64 bytes from 192.168.252.236: icmp_seq=1 ttl=64 time=0.296 ms
64 bytes from 192.168.252.236: icmp_seq=2 ttl=64 time=0.200 ms
64 bytes from 192.168.252.236: icmp_seq=3 ttl=64 time=0.423 ms
^C
--- 192.168.252.236 ping statistics ---
3 packets transmitted, 3 received, 0% packet loss, time 2032ms
rtt min/avg/max/mdev = 0.200/0.306/0.423/0.091 ms
Just to reiterate the obvious --> if this...
...is correct then all systems using an IP address in the same IP-network should be able to reach it other. So my profane suspicion is that this is not the case.
Right? That's why I don't understand this. It simply should not happen.

Did you copy some configuration onto the new PBS? My usual pitfall is to forget to readjust all configuration to fit to the new system? All hostname occurrences, all IP addresses?

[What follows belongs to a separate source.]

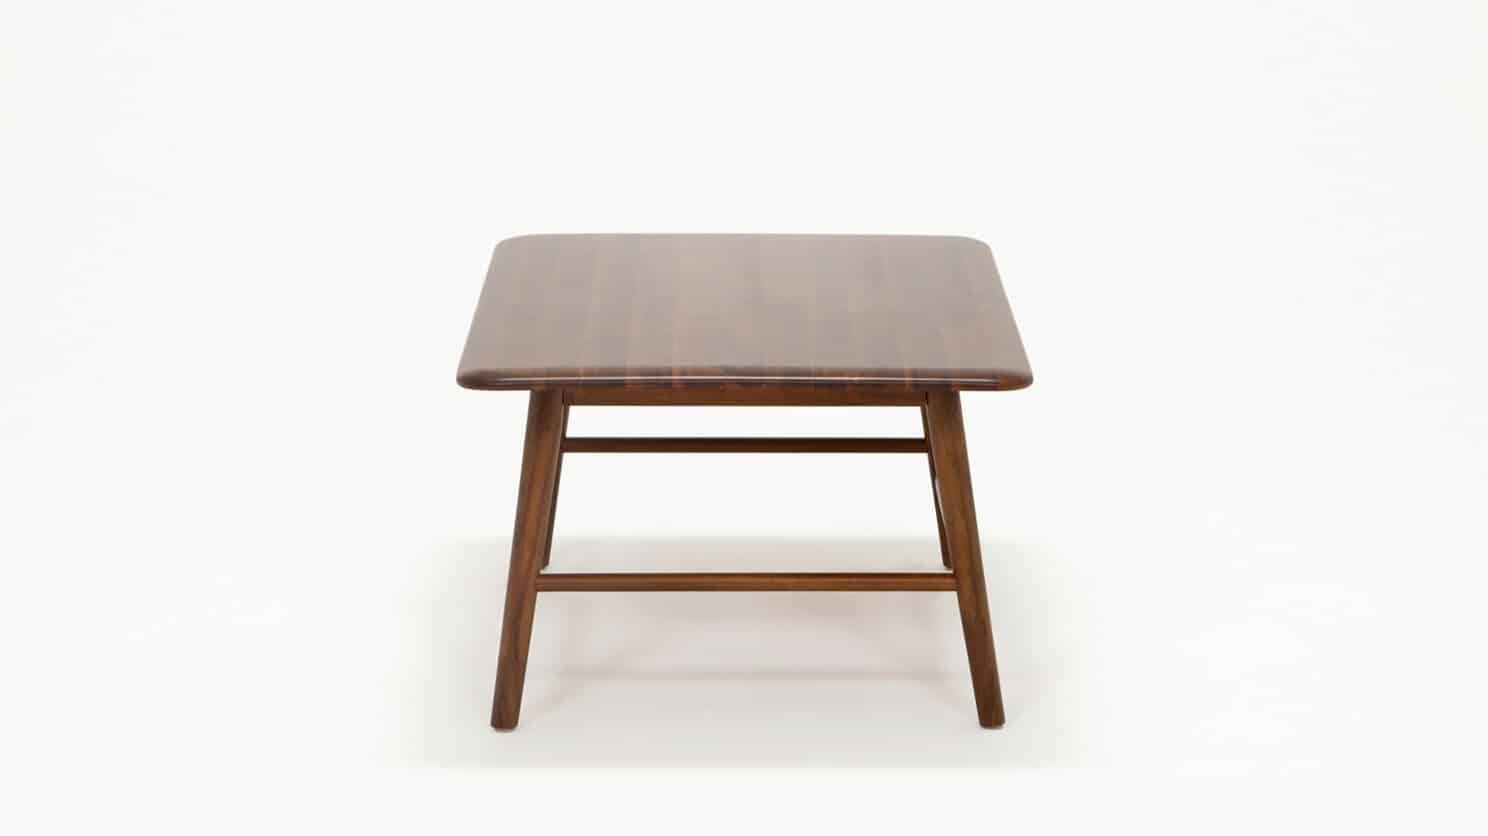 7110 032 49 3 coffee tables kacia rectangular coffee table side 01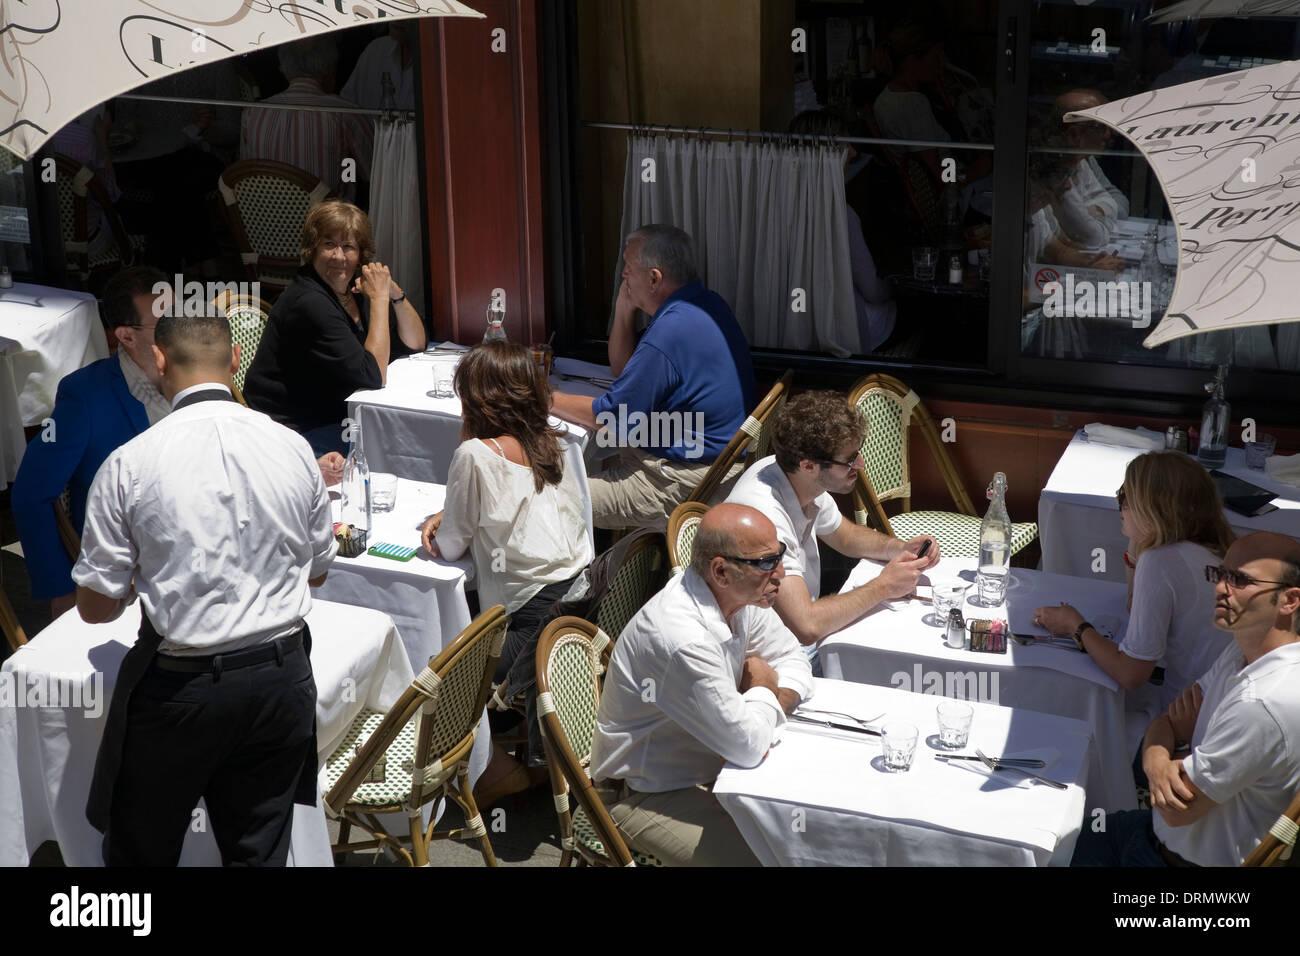 Diners on sidewalk restaurant San Francisco, CA, California, USA - Stock Image

The PBS has remained the same. I replaced one of the PVE nodes. And apart from the config files that are automatically replicated between the nodes, I have not copied over any config. Particularly the network config I have done manually.

And as far as I can see no VLANs involved, right?
That's right, no vlans. (I have added that info now to my OP above as well).